Creating an HTML5 canvas painting application

By Mihai Sucan

Table of contents

• Introduction
• Getting started with the HTML
• Canvas interaction
  • Testing the canvas interaction
  • Implementing events
  • Adding drawing tools
    • Rectangle
    • Line
• What's next

Introduction

My previous HTML5 canvas tutorial provided you with insight into the numerous use cases for canvas in web applications. In this article we will explore how you can write your own canvas-based painting application.

Making a web application that allows users to draw on a canvas requires several important steps: setting up your HTML document with a canvas context (a canvas element with an id), setting up your script to target that canvas context and draw inside it and adding the required mouse event handlers for user interaction and associated logic. Once the event handlers are in place, it's then fairly simple to add any desired functionality.

The final painting application example looks like this:

To make it easier to follow along with the code walkthrough presented below, you can download the full code example and follow along with it as you read the article.

Getting started with the HTML

We shall begin with a minimal HTML document:

<!DOCTYPE html>
<html lang="en">
  <head>
    <meta charset="utf-8">
    <title>Paint</title>
    <style type="text/css"><!--
      #container { position: relative; }
      #imageView { border: 1px solid #000; }
    --></style>
  </head>
  <body>
    <div id="container">
      <canvas id="imageView" width="400" height="300">
        <p>Unfortunately, your browser is currently unsupported by our web 
        application.  We are sorry for the inconvenience. Please use one of the 
        supported browsers listed below, or draw the image you want using an 
        offline tool.</p>
        <p>Supported browsers: <a href="http://www.opera.com">Opera</a>, <a 
          href="http://www.mozilla.com">Firefox</a>, <a 
          href="http://www.apple.com/safari">Safari</a>, and <a 
          href="http://www.konqueror.org">Konqueror</a>.</p>
      </canvas>
    </div>

    <script type="text/javascript" 
    src="example1.js"></script>
  </body>
</html>

As you can see, we only have the bare bones of an HTML document here, with a canvas element contained inside. If the browser does not support Canvas, then the fallback content will show. We will add more markup later on, but this is all we need for now.

The fallback content you provide should be as helpful as possible. You should not just say something like "this web application is unsupported by your browser" - that would be basically useless. Tell the user what he/she can do to get your application to work (eg use a different web browser), or provide alternative solutions, like a file upload input which allows the user to upload a painting created offline. Even better would be to detect Canvas support and then serve the application as is to browsers that support it, and the upload solution to browsers that don't, automatically. Naturally, the fallback content depends on the context in which the painting application appears.

Canvas interaction

Now we have the canvas element in place, the next step is to make the element somehow interact with the mouse. We shall first test our interaction, and then go on to start adding in the functions we want our application to perform.

Testing the canvas interaction

For testing purposes we shall first try to paint something under the mouse.

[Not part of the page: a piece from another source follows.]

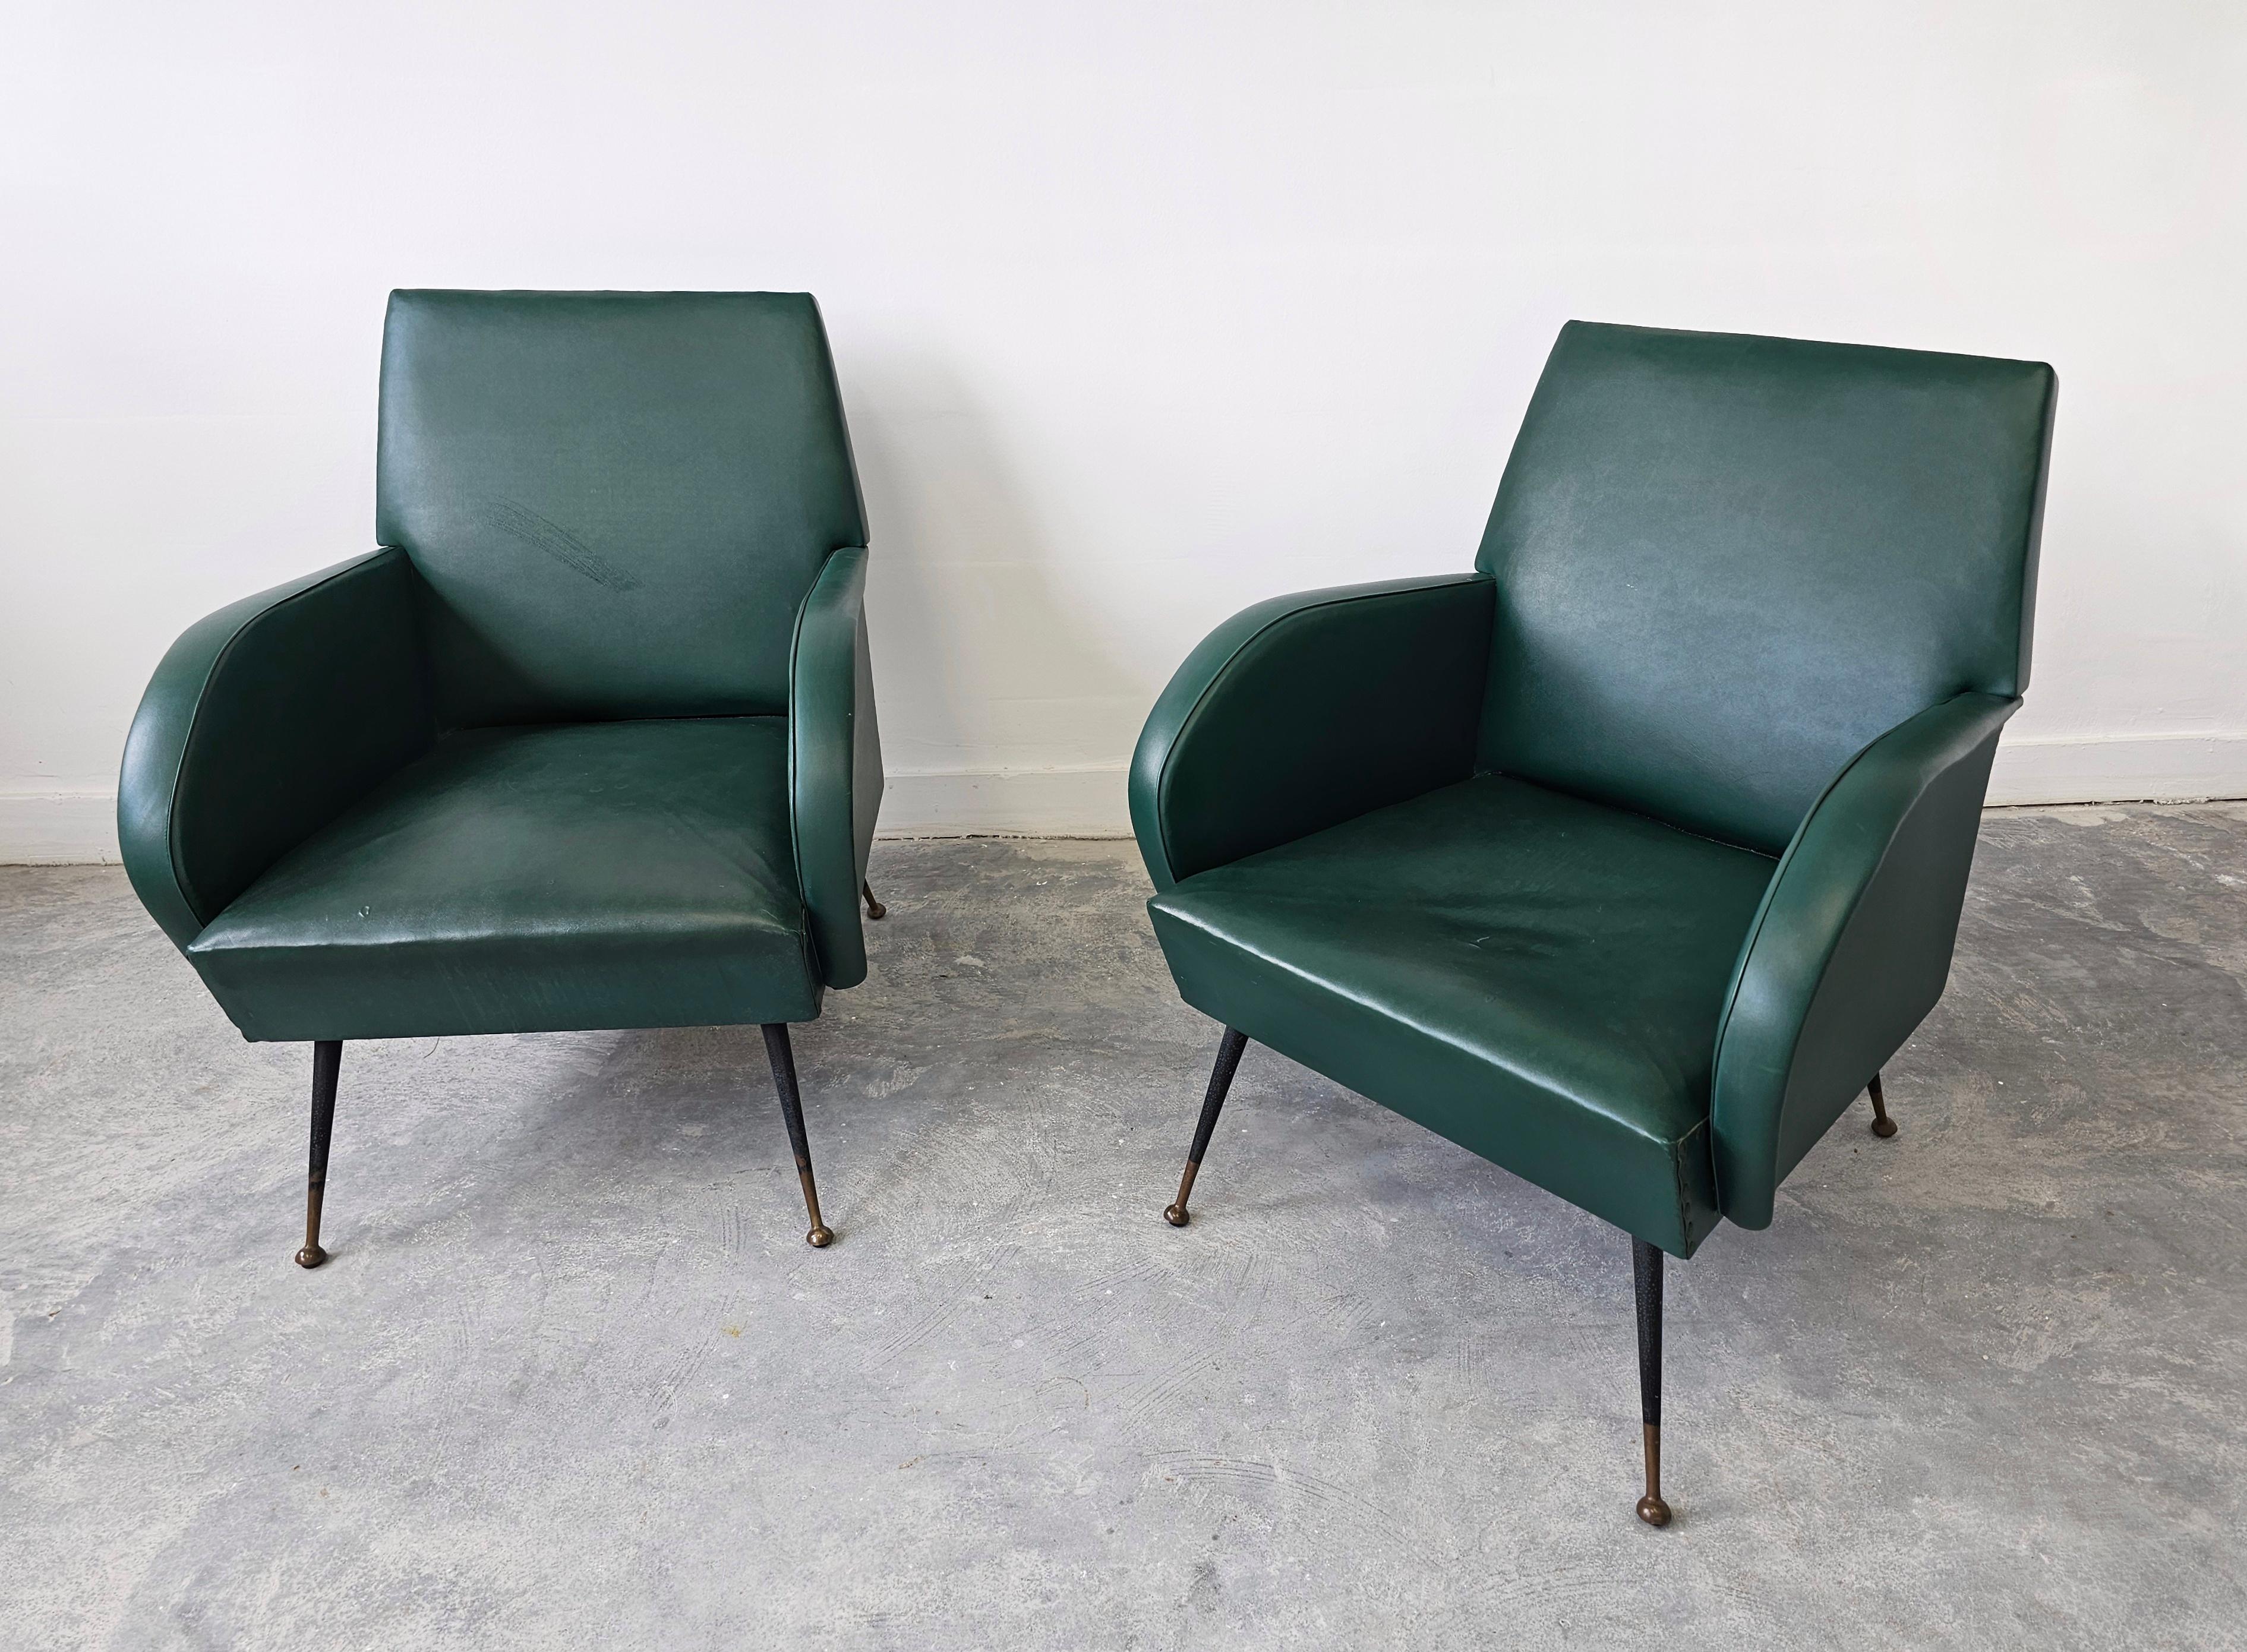 Pair of Mid Century Modern Armchairs in style of Marco Zanuso, Italy 1950s For Sale 3

We can do that by attaching a mousemove event handler to the canvas element. Here's the gist of the mousemove example script:

// ...
function init () {
  // ...
  // Attach the mousemove event handler.
  canvas.addEventListener('mousemove', ev_mousemove, false);
}

// The mousemove event handler.
var started = false;
function ev_mousemove (ev) {
  var x, y;

  // Get the mouse position relative to the canvas element.
  if (ev.layerX || ev.layerX == 0) { // Firefox
    x = ev.layerX;
    y = ev.layerY;
  } else if (ev.offsetX || ev.offsetX == 0) { // Opera
    x = ev.offsetX;
    y = ev.offsetY;
  }

  // The event handler works like a drawing pencil which tracks the mouse 
  // movements. We start drawing a path made up of lines.
  if (!started) {
    context.beginPath();
    context.moveTo(x, y);
    started = true;
  } else {
    context.lineTo(x, y);
    context.stroke();
  }
}
// ...

Try the mousemove example live.

This code turned out to be a success: we are just starting to see how dynamic and cool canvas can be. We use the event.layer* / offset* properties to determine the mouse position relative to the canvas element. That's all we need to start drawing.

Implementing events

Let's take this script one step further. It's best to have a single event handler that only determines the coordinates relative to the canvas element. The implementation of each drawing tool should be split into independent functions. Lastly, drawing tools need to interact with the user for events like mousedown and mouseup as well, not just when moving the mouse (mousemove). Therefore, multiple event listeners will be added to the script.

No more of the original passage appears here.